I've been exposed to cultures and people from all over the world through immigration, movies, books, YouTube, and almost as many years of formal education as I have fingers and toes. But I'm sure visiting Cambodia has had an effect on me. I remember that kids in the city were curious about these pale-coloured, big-nosed people and now I wonder whether a couple of days of exposure to these aliens will have an effect on the people.
History shows that poor, uneducated people with nothing to lose are easily influenced and rallied to a cause. Couldn't we influence them towards the belief that everyone is worth something, and that helping your fellow man just because you can is a good idea? It's not as if they have to go very far for that. Buddhism's sila teaches equality and reciprocity. Perhaps that would have been a comprehensible answer to why we were there.
4 comments:
It hurts me to think that a cow can take everything my shelter gives to me away ...
I appreciate your efforts to try to make sense of what might appear to be the "white man's burden" type of charitable enterprise. It is difficult enough to connect with people similar to oneself in terms of nationality, language, race, ethnicity, religion, social class, gender, and educational level.

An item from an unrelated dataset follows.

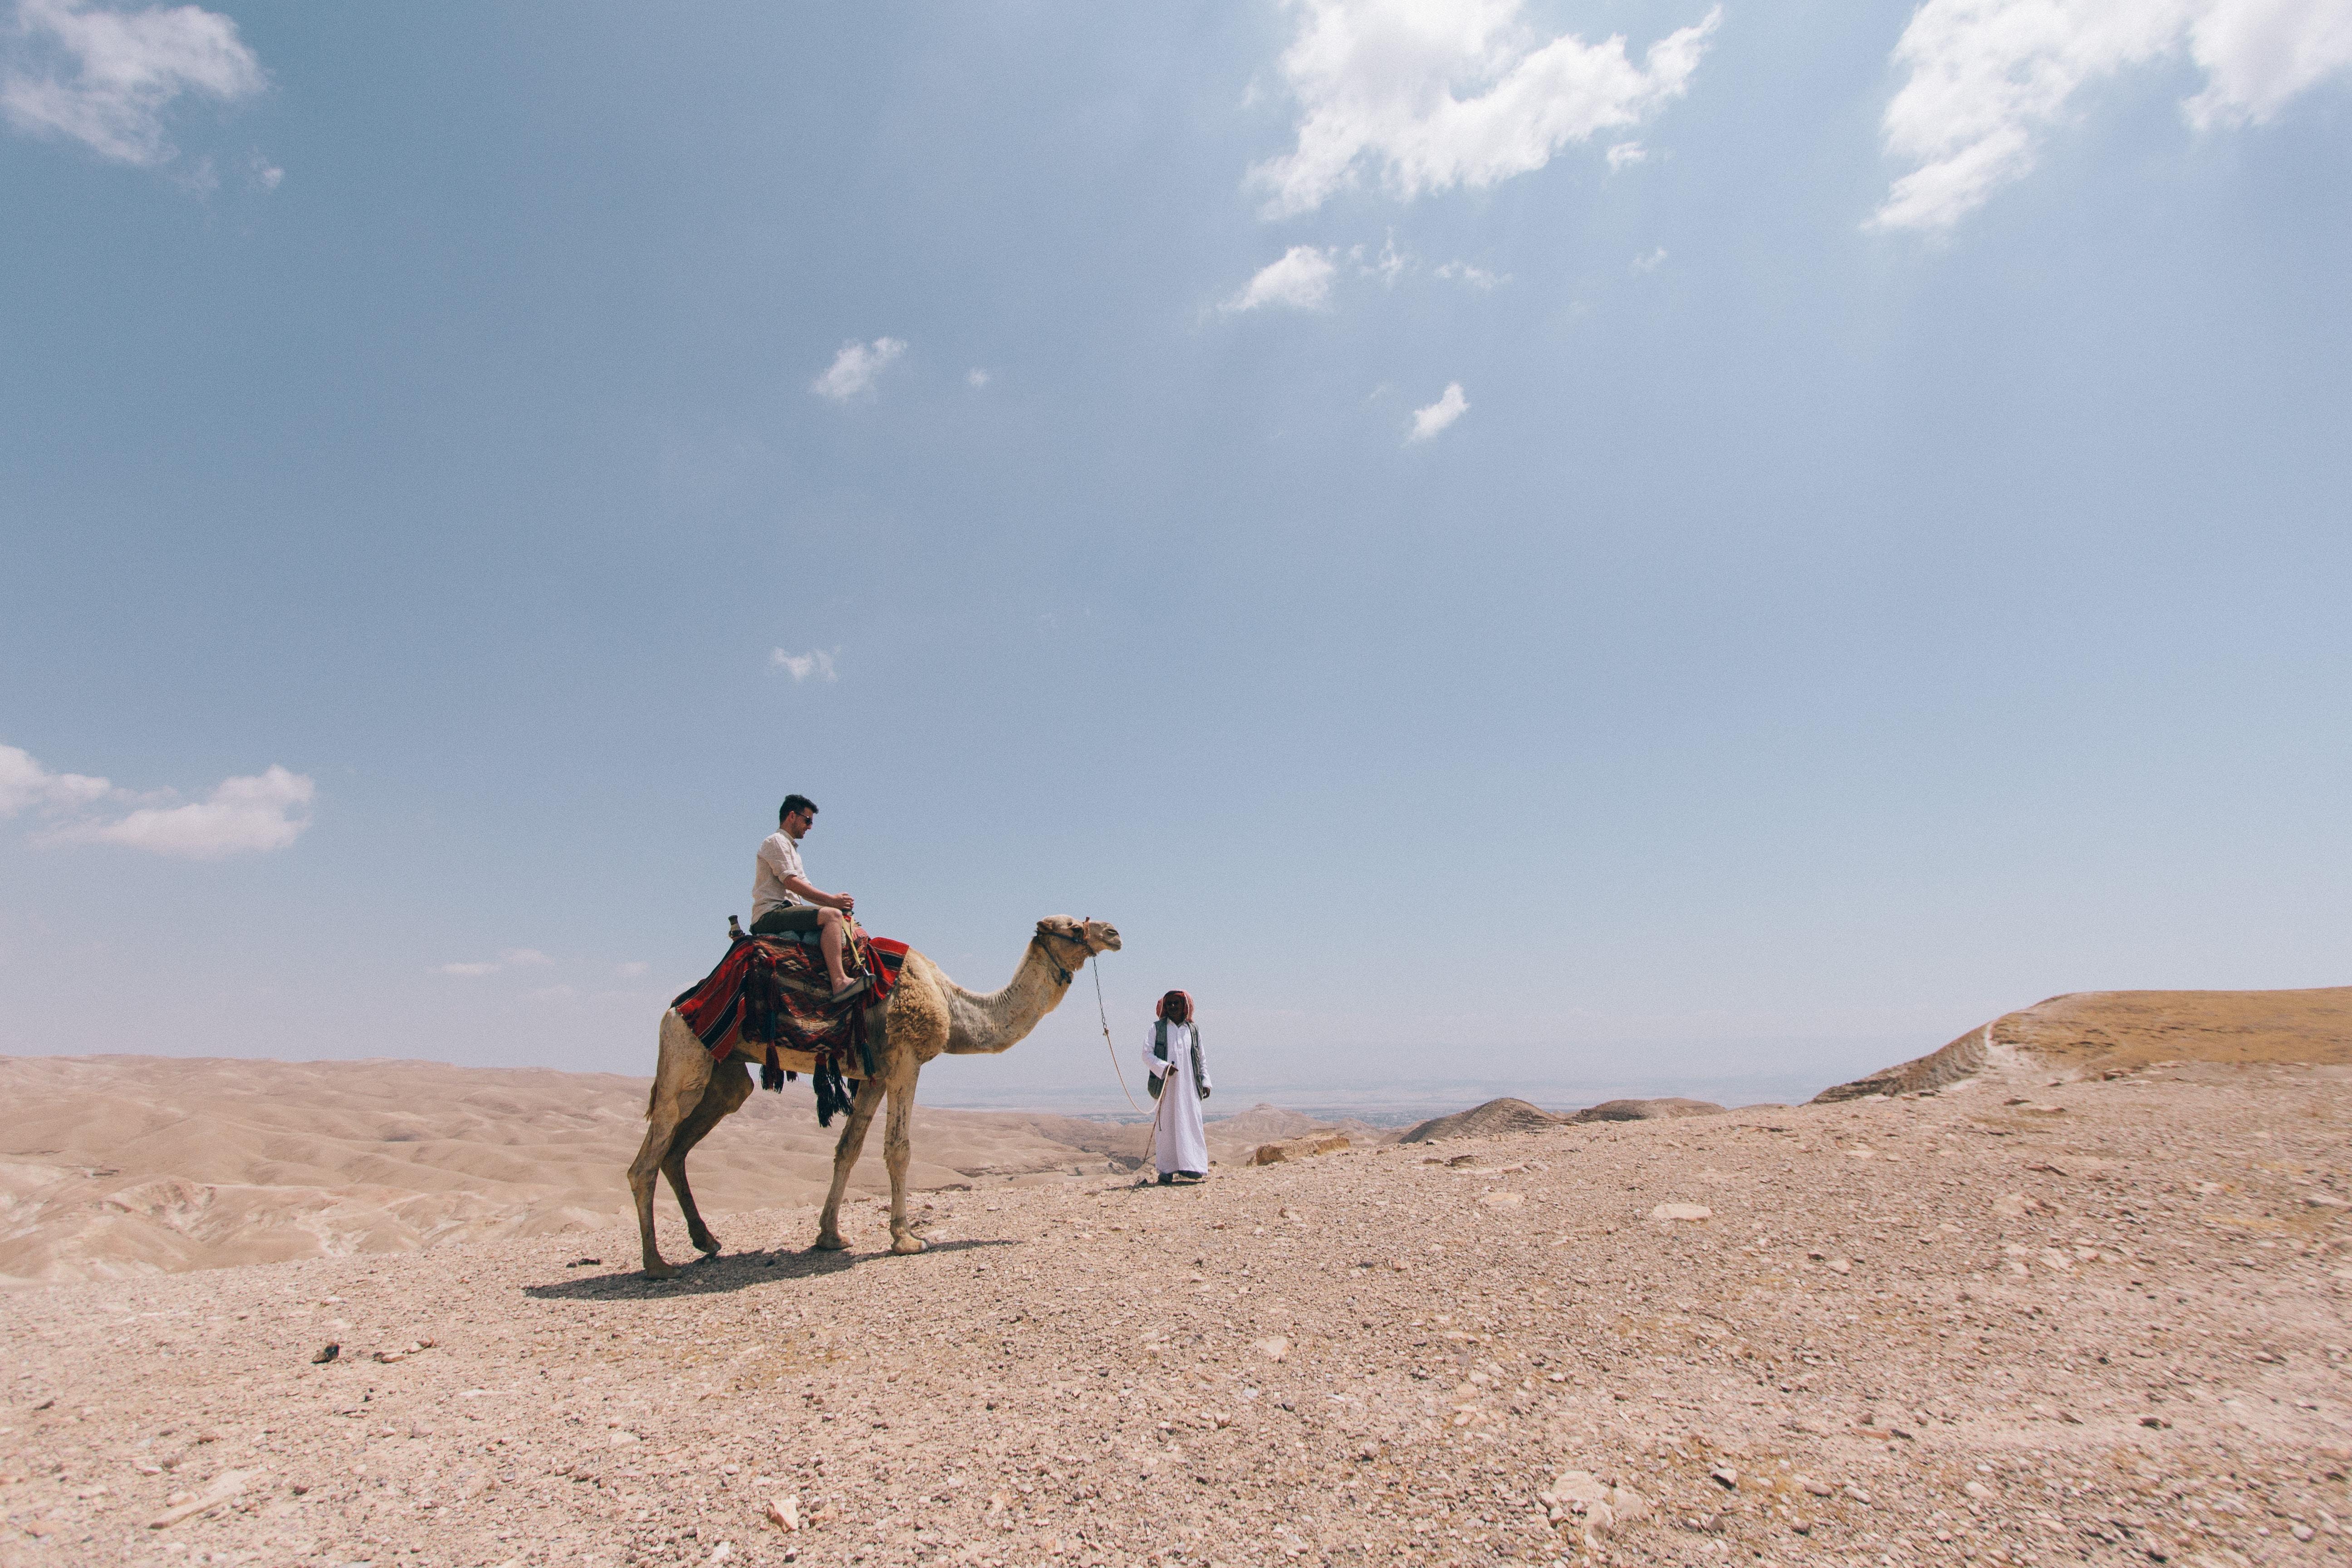 People ride a camel through the dry desert sand of Kfar Adumim

And when all of those are different? Some would say it's impossible. But I think we need to keep trying, even across those divides. Thank you for going to Cambodia, and thank you for sharing your reflections on your experiences there.
You did much more than serve as a conduit for donations. You were also the conduit for very informative feedback on the impact those donations had, and almost as important what impact they didn't have. You also introduced ust to Cambodia in a very unique way.
Thank you.
"I wonder what they were cautioned to or not to do around us before we came."
Interesting question. It always goes two ways.
Just helping us see one another as fellow beings on a similar journey is important. It helps undermine the power of those who would incite us to war because the first step is always to dehumanize The Enemy and reduce him/her to something scary and evil or less-than-human, isn't it?